Only 14.34 percent of properties saw increases in their total taxable value, and 1.21 percent saw decreases. About 92 percent of properties saw their land assessments increase, but in most cases this did not translate into an increase in their total assessment.
OPA is focused on the “contributory value” of land, which may be different for older and newer properties. Piper said the value of older structures tends to decrease with age, with locational attributes accounting for an increased percentage.
“Picture two properties on the same street, side by side. One is a brand new structure, the other is one that’s older and in bad shape. The value of the property with the new structure, in most cases, is going to tend to be more about the improvement itself. Whereas for the older property, the contributory value is going to shift toward land over time,” Piper explained.
The idea is that, as properties grow older, more of their value will come from land and proximity to amenities, since the building itself is more like a car or a boat that depreciates over time.
As was the case with AVI, the Council districts with the hottest real estate markets (generally in greater Center City) also saw the most growth in tax assessments. Again, supermajorities of properties saw no change in taxable value, but for the 14.3 percent that did see increases, they were mostly concentrated in those three districts, with a smaller bump in District 10 in the Northeast.
The net increase in taxable value for the properties in the batch OPA reviewed this year (about 520,000 parcels out of 579,000) was around $1.7 billion overall since last year.
Most of the increases in taxable value were under $400, but here again we see that the three Council districts with the strongest real estate markets also saw the highest increases.
About 92 percent of properties saw a shift toward land, and only about 8 percent saw a decrease in land value. For a little over half of the properties OPA reviewed, that shift -- which was most commonly not a net increase in taxable value -- was somewhere between $14,000 and $30,000. Land values tend to observe a “long tail” pattern, as Kevin Gillen pointed out, so it’s likely that a small minority of high-value properties saw outsized increases.
In keeping with the pattern, the 1st, 2nd, and 5th Council districts saw the most pronounced increases.
The data released by OPA [Excel] raise plenty of questions, as do the property-level data just released by the Office of Innovation and Technology. Among them: What are the trends among tax-abated properties? How did different types of properties fare? Is vacant land getting a break?
On the last point: It’s still too early to say how vacant land values stack up. Some of the commentary online after the assessments first went out focused on comparisons of vacant lots that didn’t see their assessments increase, with nearby houses that saw their land assessments jump.

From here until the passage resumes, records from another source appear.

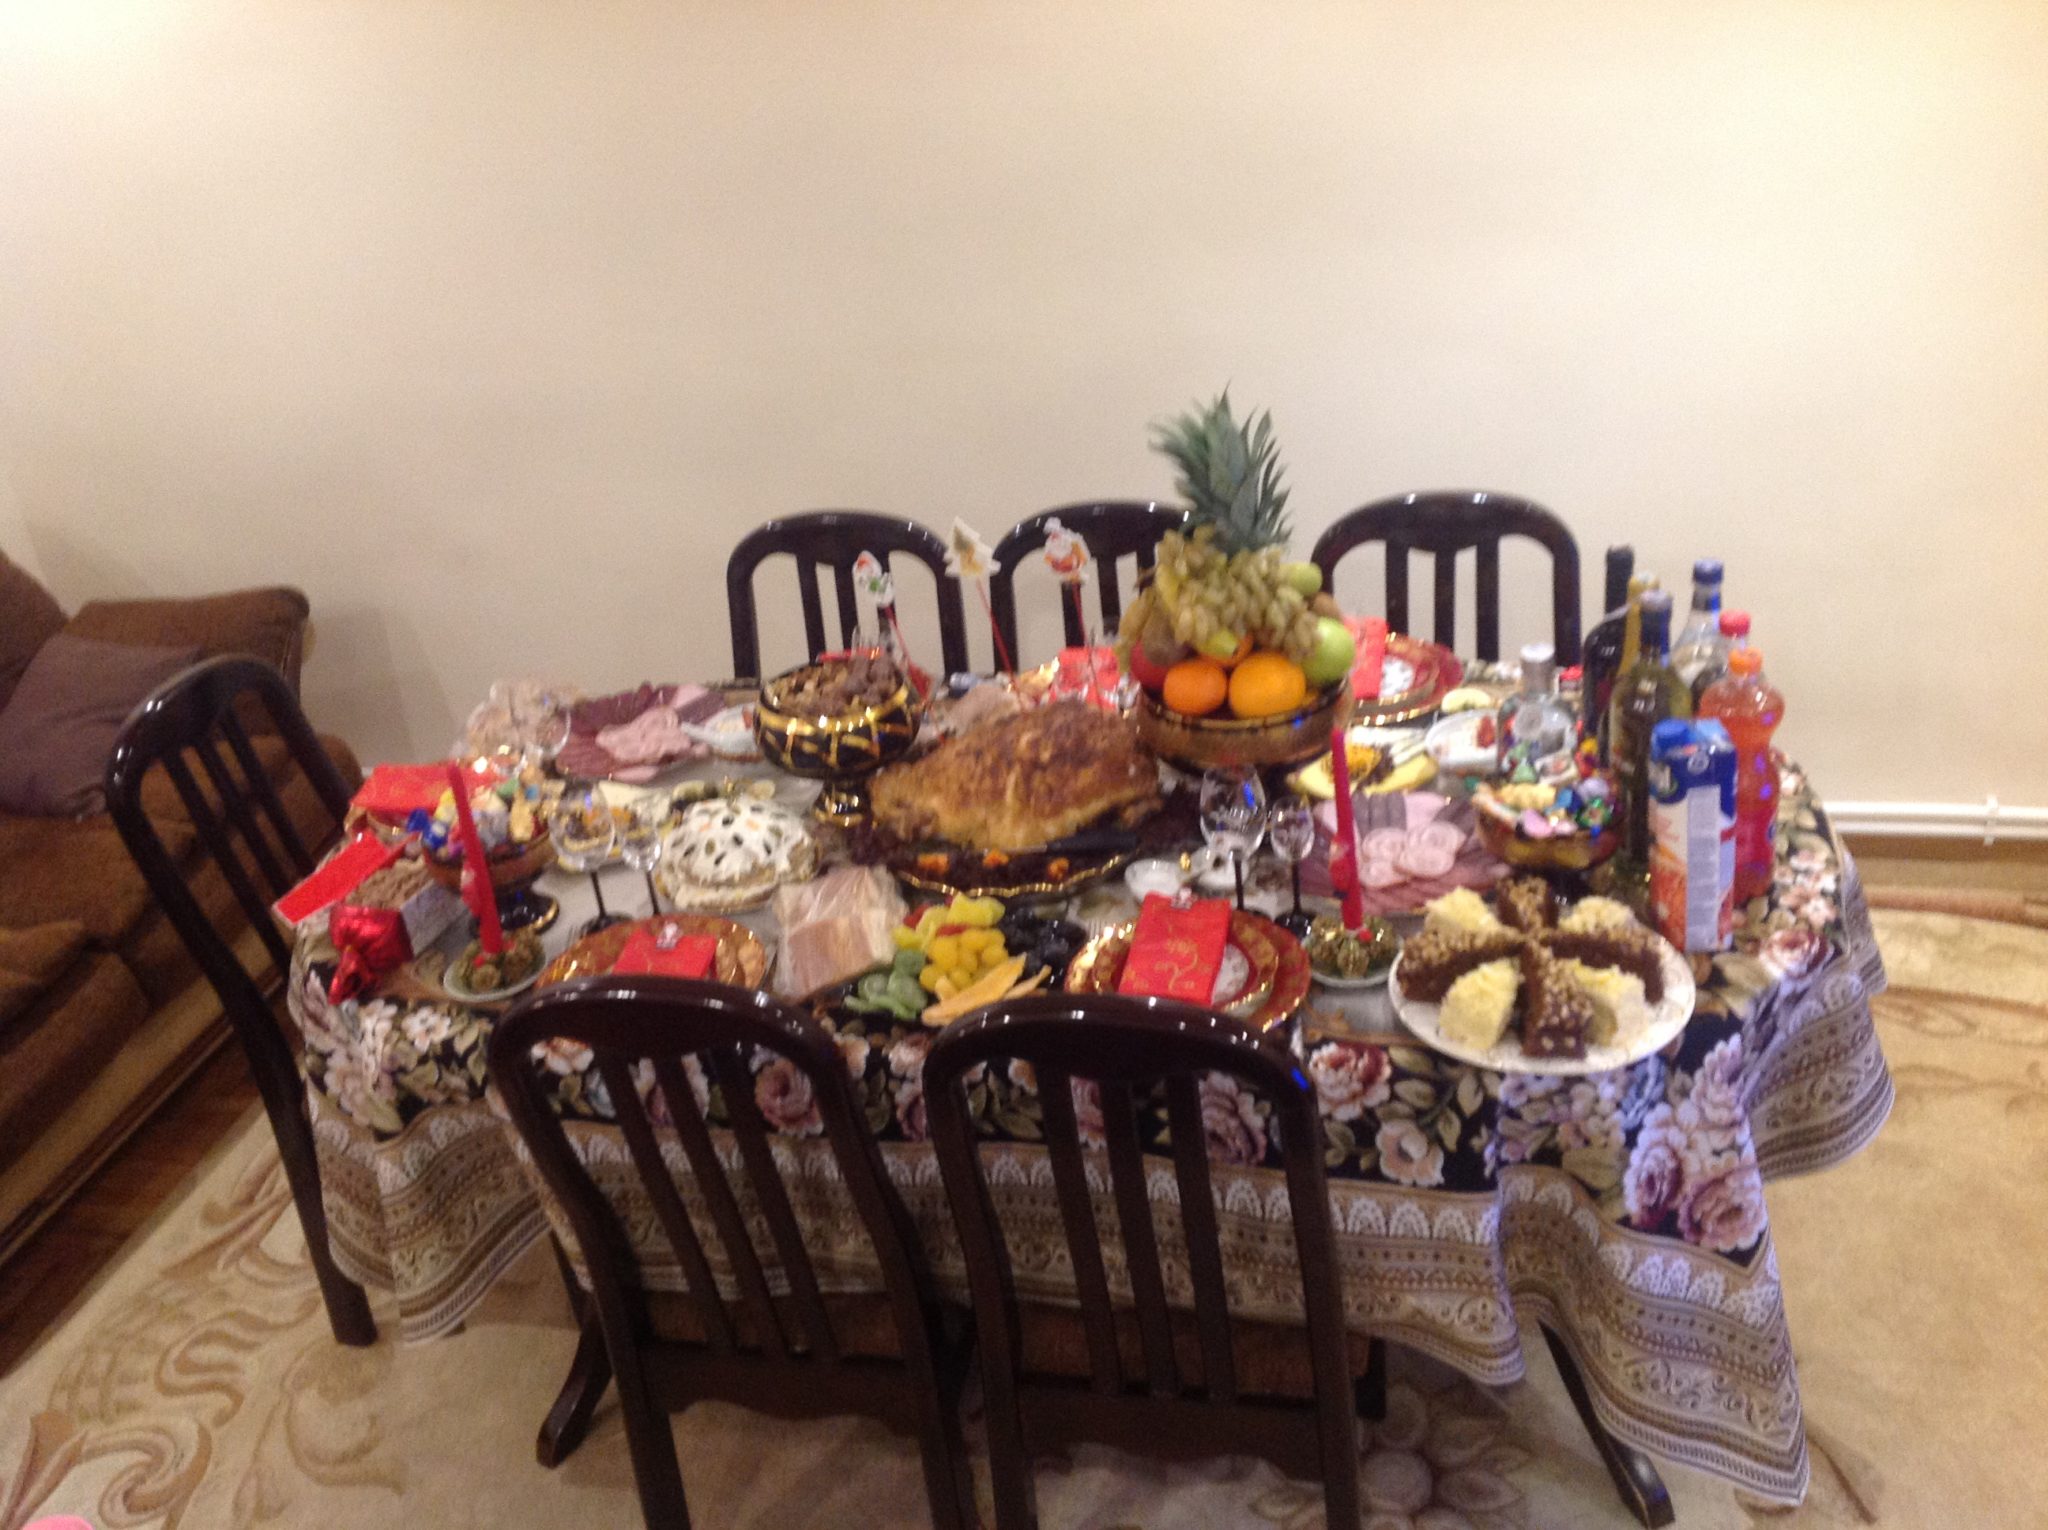 New Year Table in Armenia iArmenia Armenian History, Holidays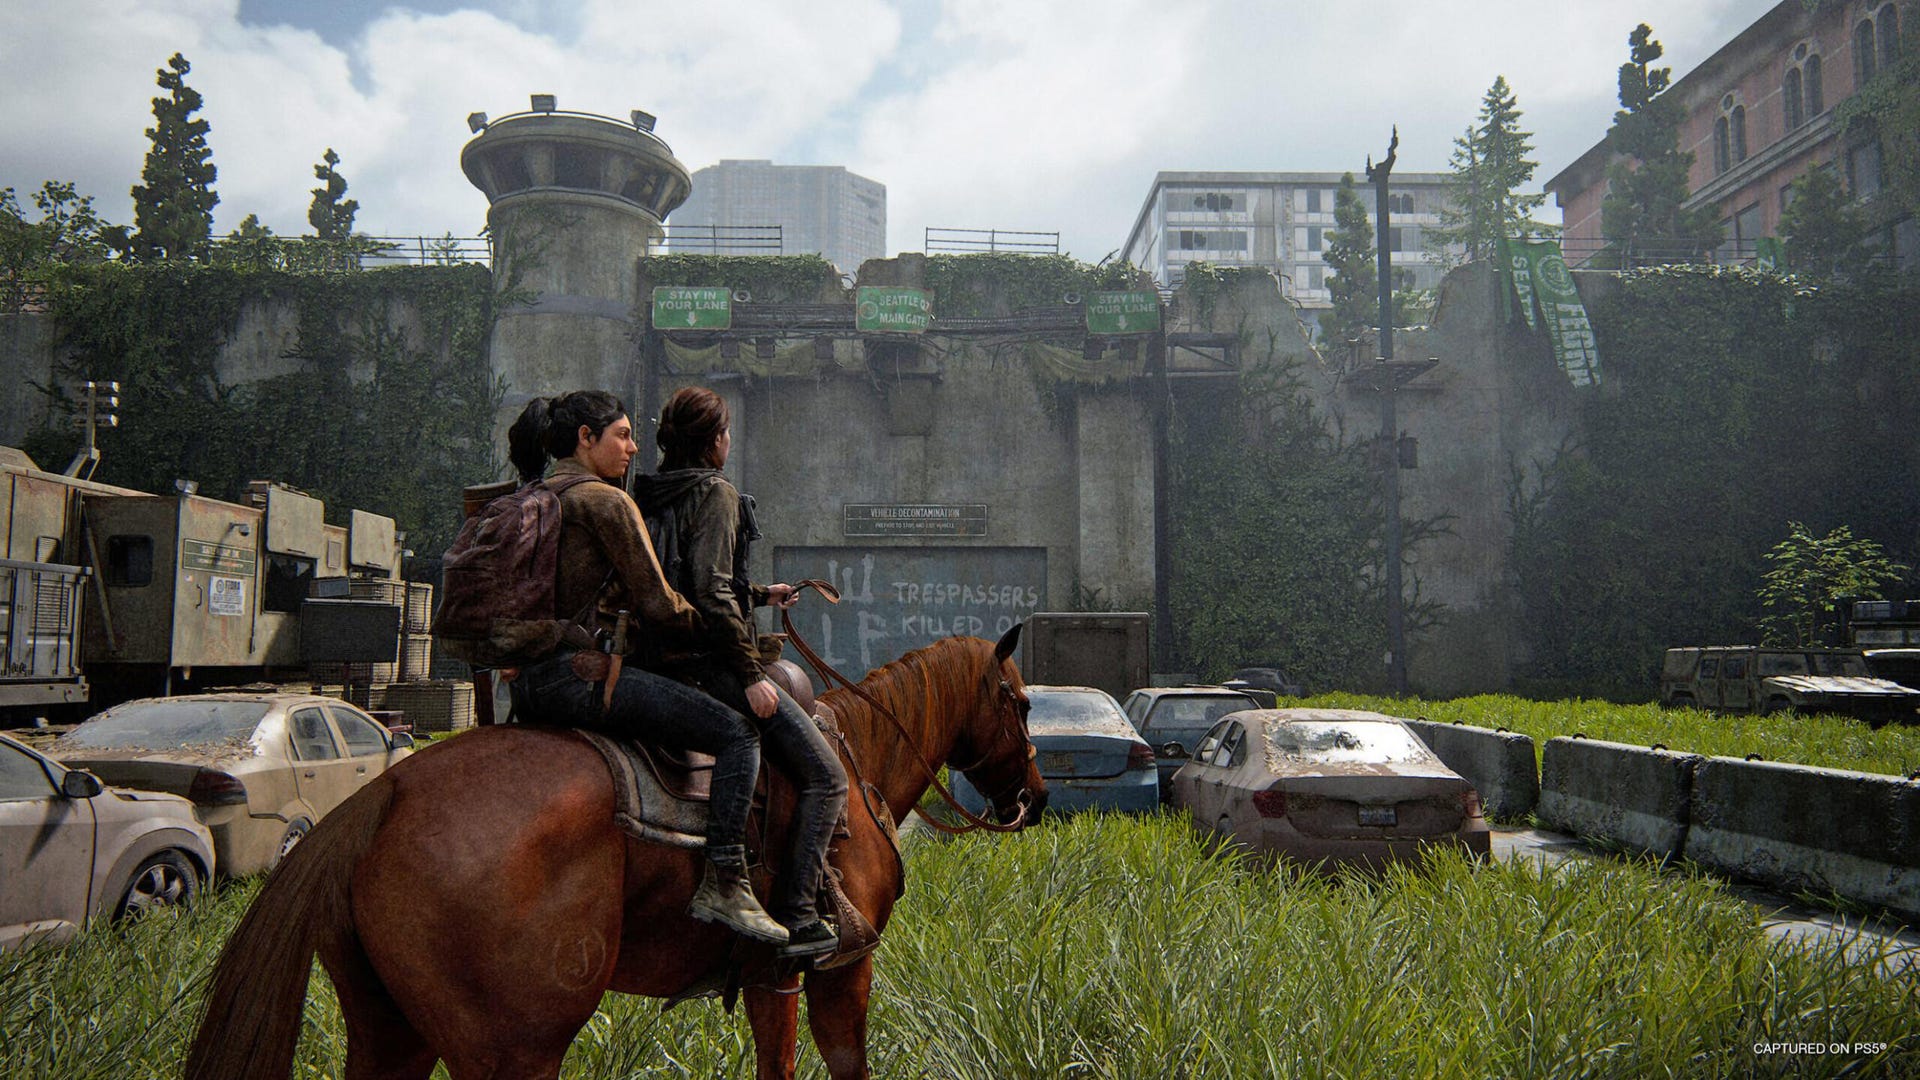 Sony zwraca pieniądze za preordery The Last of Us 2 Remastered posiadaczom wersji PS4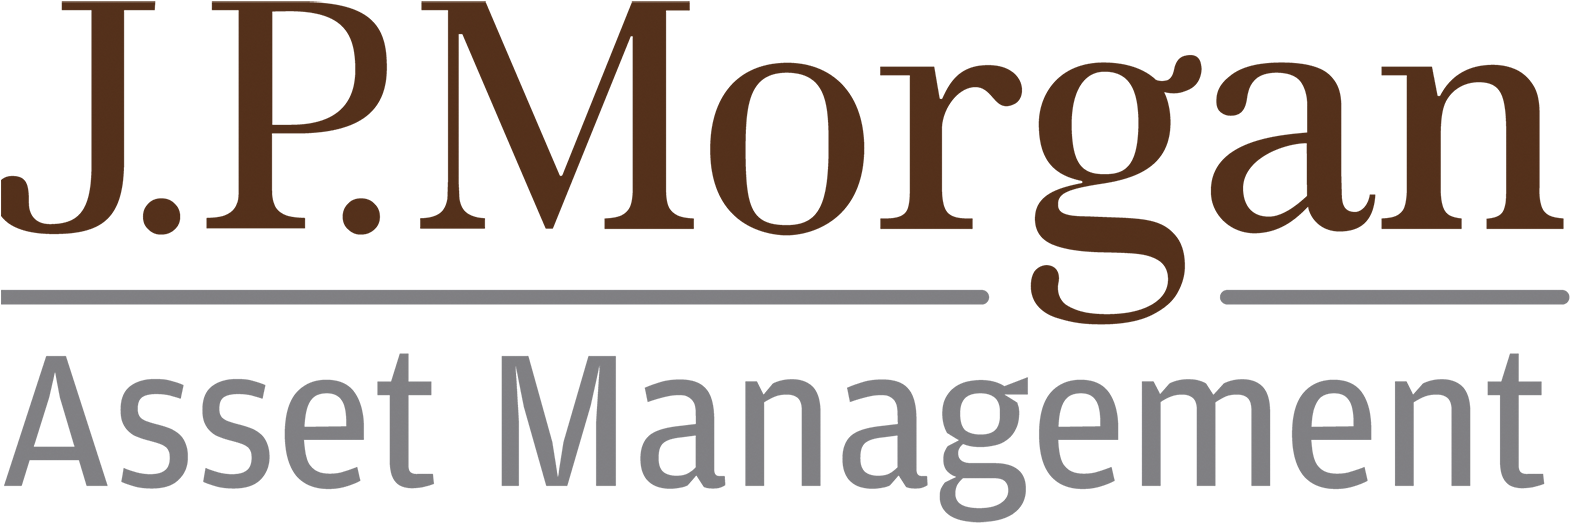 Jp Morgan Asset Management (654x217), Png Download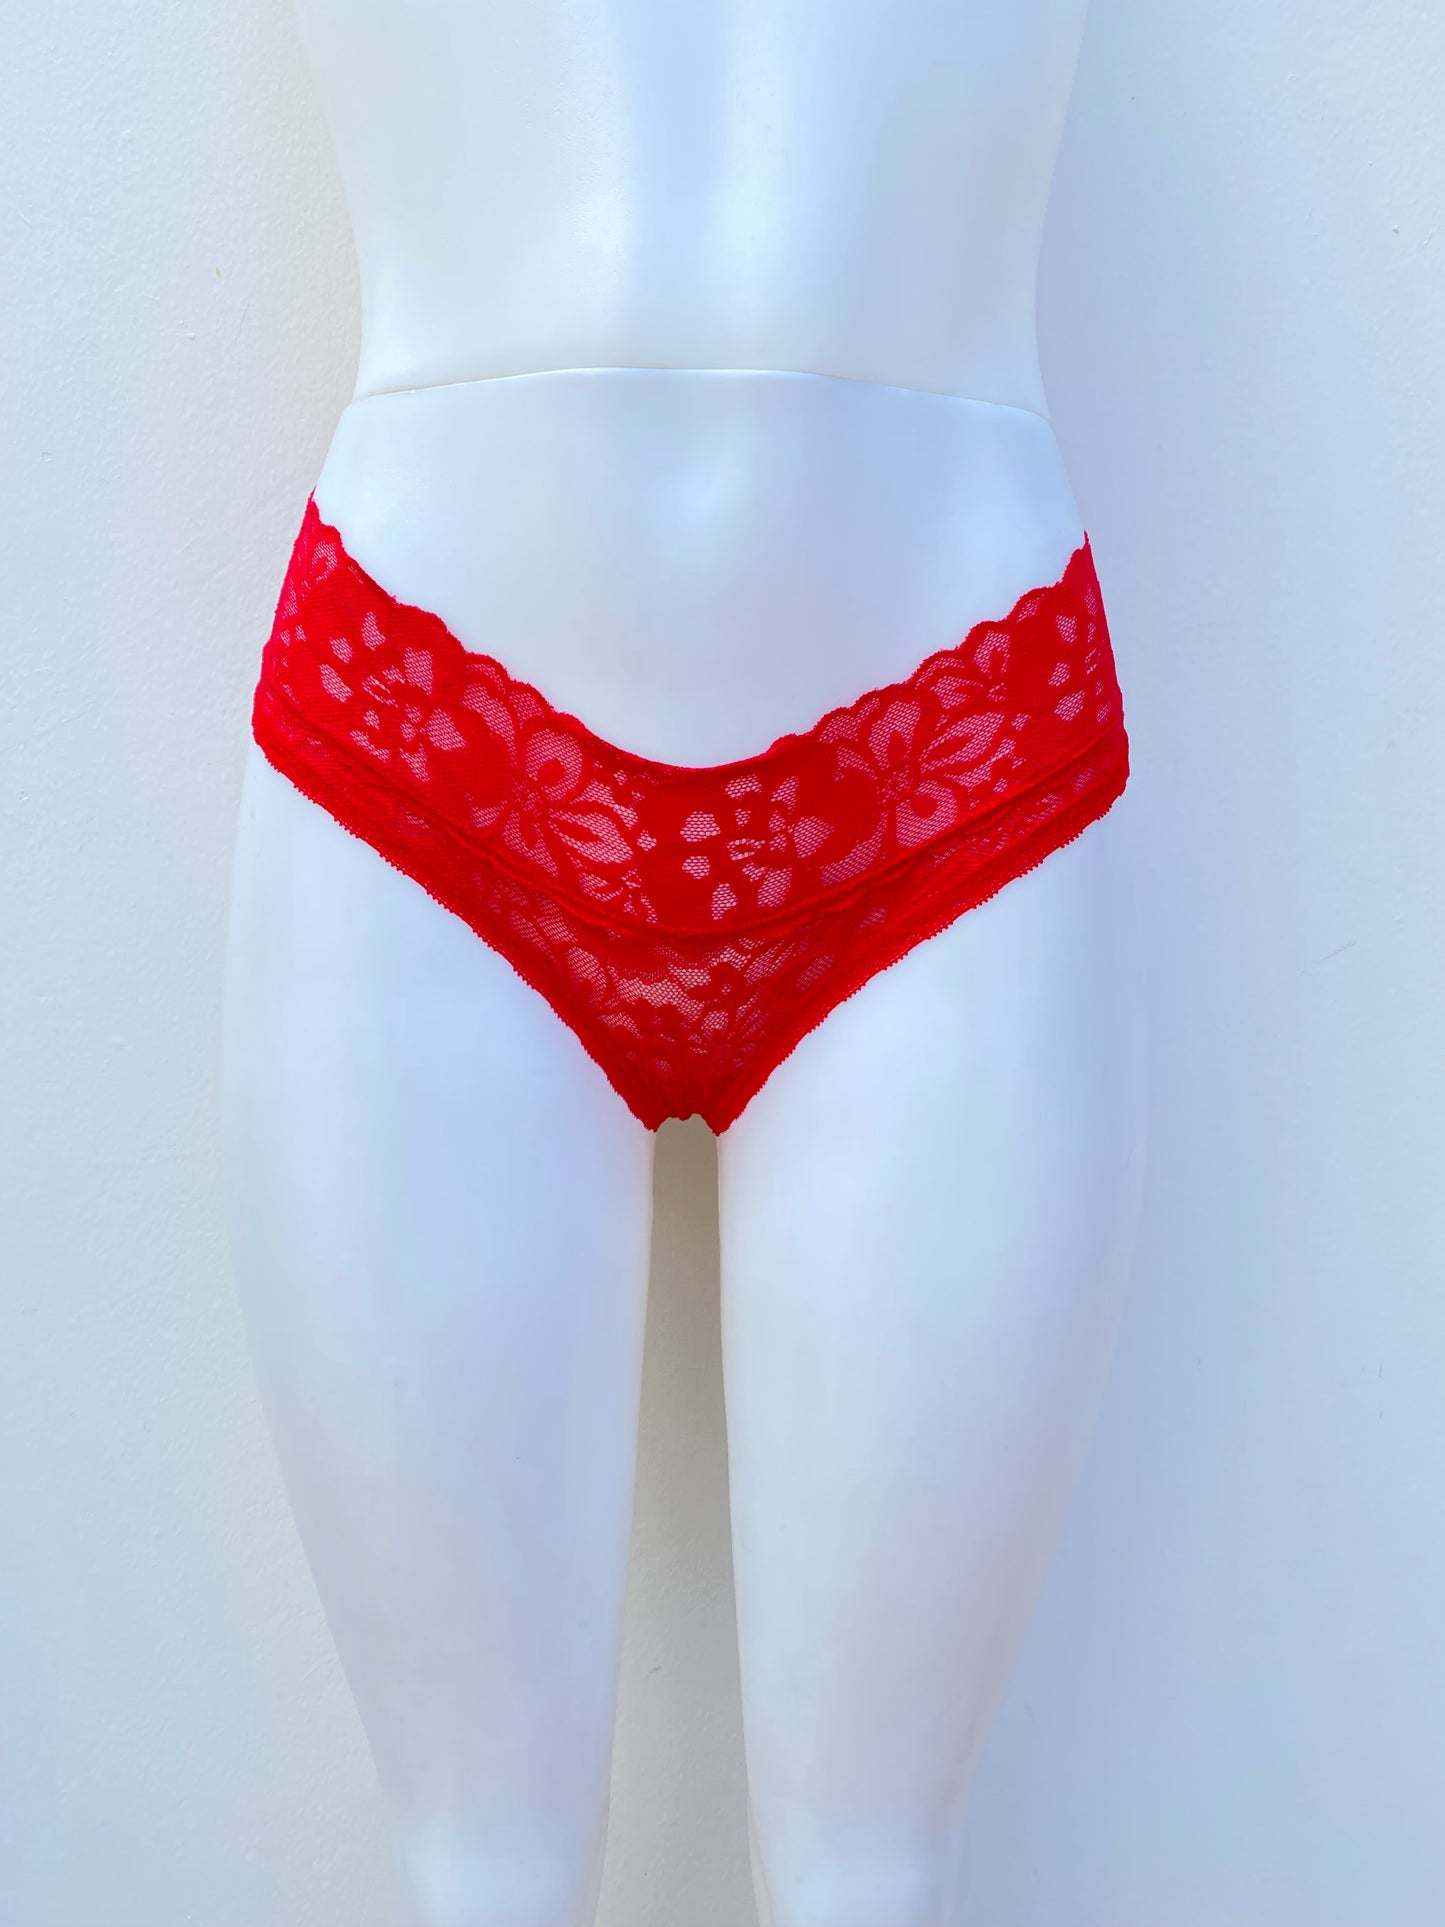 Panti Victoria Secret original, rojo de encaje con flores

OPA won’t have its vacant land assessments completed until at least June.
“We are still working on the vacant lots,” says Piper, “When we finished our modeling exercises, and ran the numbers, and looked at them several times, we weren’t comfortable with the way they were coming out and translating from one GMA to another GMA.”
Vacant lots will still be a part of the 2017 reassessment project, but those notices won’t go out for another two or three months.